Materials with pronounced elastic properties are suitable for use as pressure sensor diaphragms in order to avoid drift or hysteresis of the sensor signal under cyclical pressure loads (spring materials). In order to achieve these properties in CuSn alloys, alloy compositions with 9-11% tin by weight are sought. The commercially available electrolyte Miralloy 3849® from Umicore Galvanotechnik GmbH was used for this purpose in the project [1]. In principle, it is suitable for electroforming. The desired alloy composition in the range of 9-11 wt.% tin is possible through a suitable choice of deposition and process parameters. The article will focus on the determination of the alloy composition, the mechanical properties by means of tensile tests, the hardness, the relaxation behavior and the determination of the metallic phases as well as the investigation of possible phase transitions after heat treatment of foils with a tin content of 8 and 15 percent by weight.
1.1 Experimental work
The electrolyte Miralloy 3849® was used for the deposition experiments. This is an alkaline/cyanide CuSn alloy electrolyte. The low electrolyte volumes used in the research work favor the occurrence of electrolyte depletion of metal ions or additives. For this reason, bath controls were carried out at short intervals. Self-supporting CuSn foils were produced to determine the mechanical properties. Aluminum substrates were used for this purpose, with the edges and backside covered with Slotowax (Dr.-Ing. Max Schlötter GmbH & Co. KG). To activate the aluminum surface, the stripped substrates were treated with the first 4 steps of the Al Bond III zincate stain from International Plating Technologies GmbH. Subsequently, 4 µm thick Cu starter layers were applied to the sheets with a cyanide Cu electrolyte (Cu 830® from Umicore) at 58 °C, a current density of 2 A/dm2 and a deposition rate of ~0.8 µm/min [2]. The substrates coated with the Cu starter layer were immersed in the Miralloy 3849® electrolyte under current. The deposition was carried out at 55 °C with a current density of 3 A/dm2 using insoluble mixed metal anodes. The deposition rate was approximately 0.6 µm/min [1]. The coated aluminum sheets were then rinsed and immersed in NaOH for chemical removal of the aluminum carrier.
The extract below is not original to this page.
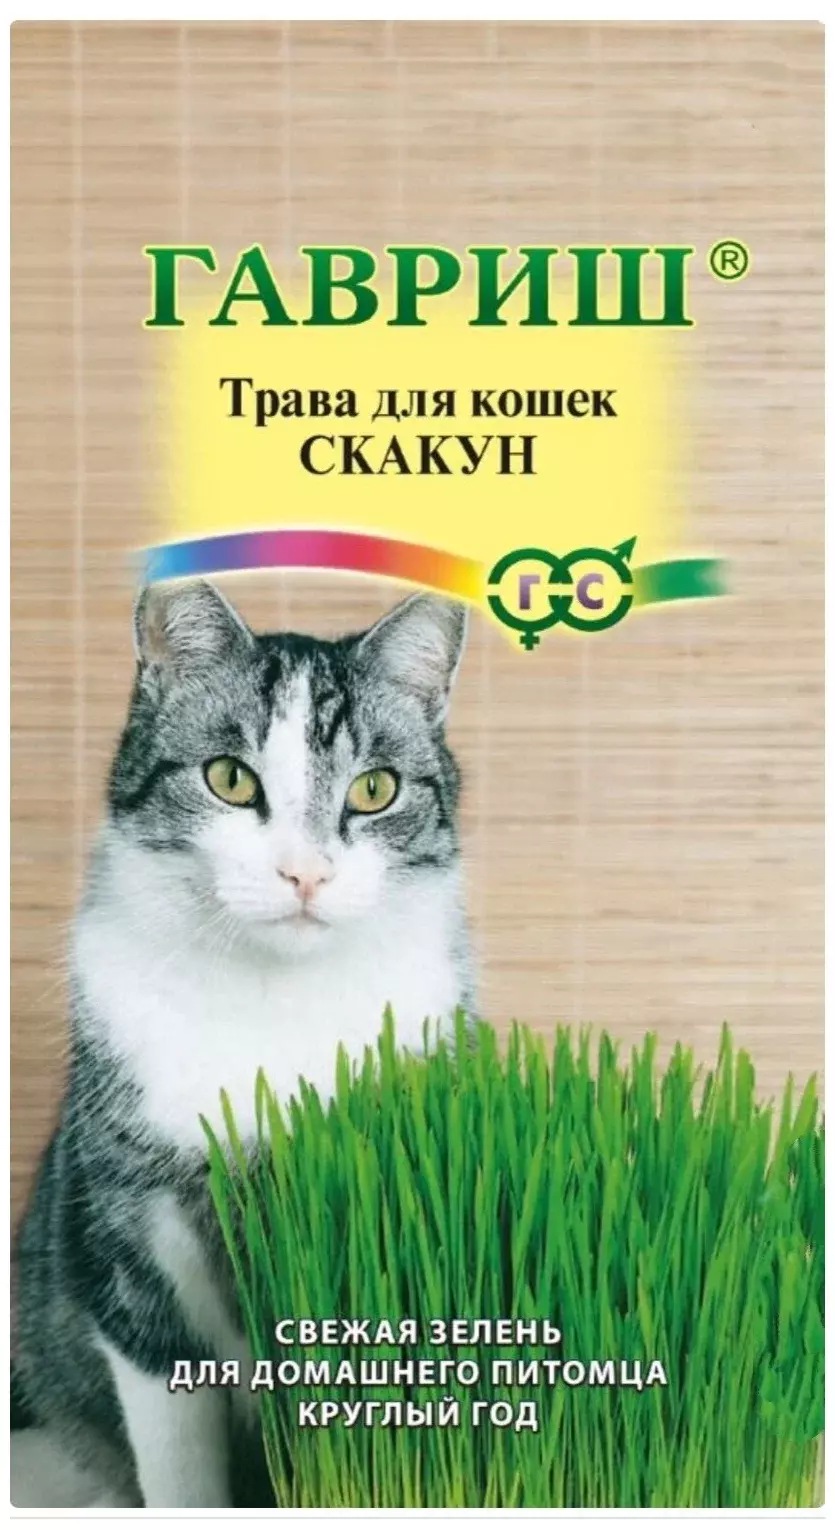 Семена Трава для кошек Скакун 10гр(Гавриш) цв

X-ray fluorescence analysis (XRF) (Fischerscope X-Ray XDYM) was used to non-destructively determine the copper and tin content of the electrodeposited foils. In addition, the metal content was determined using optical emission spectroscopy with inductively coupled plasma (ICP-OES). An ICP-OES ICAP 6300 DUO from Thermo Fischer was used for this purpose. Depth profiles of the various alloying elements were created using glow discharge spectroscopy (GDOES) with a GDA 750 from Spectruma. The scanning electron microscope (SEM) images and the energy dispersive X-ray spectroscopy (EDX) measurements were carried out on a Gemini 300 from Carl Zeiss AG. Tensile tests were carried out on a Z100 from Zwick/Roell, strain-controlled at 0.1 %Lo/s. Hardness measurements were carried out both by grinding (AMH55 from Leco) and by means of instrumented indentation testing (Fischer H100 xy p from Helmut Fischer GmbH) on the surface. The XRD (X-ray diffraction) diffractograms were then recorded on a D8 Discover Da Vinci from Bruker AXS using Cu Kα 40 kV/40 mA radiation at room temperature and after annealing tests at corresponding annealing temperatures. The measurements were carried out in Bragg-Brentano geometry with a Lynxeye XE-T 1D detector. The measuring range was between 10° and 110° with a step size of 0.02° and a counting time of 1 s. The qualitative phase inventory was determined by comparing the reflexes with the ICDD-PDF-2 database in the Diffrac.Eva 4.3 software from Bruker AXS.
2 Determination of the alloy composition
The alloy composition was determined as part of the project using four different methods: XRF, ICP-OES analysis, GDOES and EDX analysis in the scanning electron microscope. With the help of XRF, layer thicknesses and alloy compositions can be determined non-destructively. However, calibration samples of known content must be measured as XRF. These calibration standards were produced using ICP as part of the project [3]. Table 1 shows that the required alloy compositions of 9-11 wt.% tin were detected with ICP and XRF.
The traces of aluminum in the case of the ICP measurement are due to the aluminum substrate used. No aluminum is incorporated into the coating. However, ICP-OES or XRF cannot be used to determine element profiles and therefore no statements can be made about the depth profile. Further analytical methods must be used for comprehensive material characterization. In order to be able to make statements about the depth profile of the various alloy elements, the layer thickness profile was determined using EDX and GDOES [4, 5]. The GDOES depth profile in Figure 1 shows minimal fluctuations in the composition of the film.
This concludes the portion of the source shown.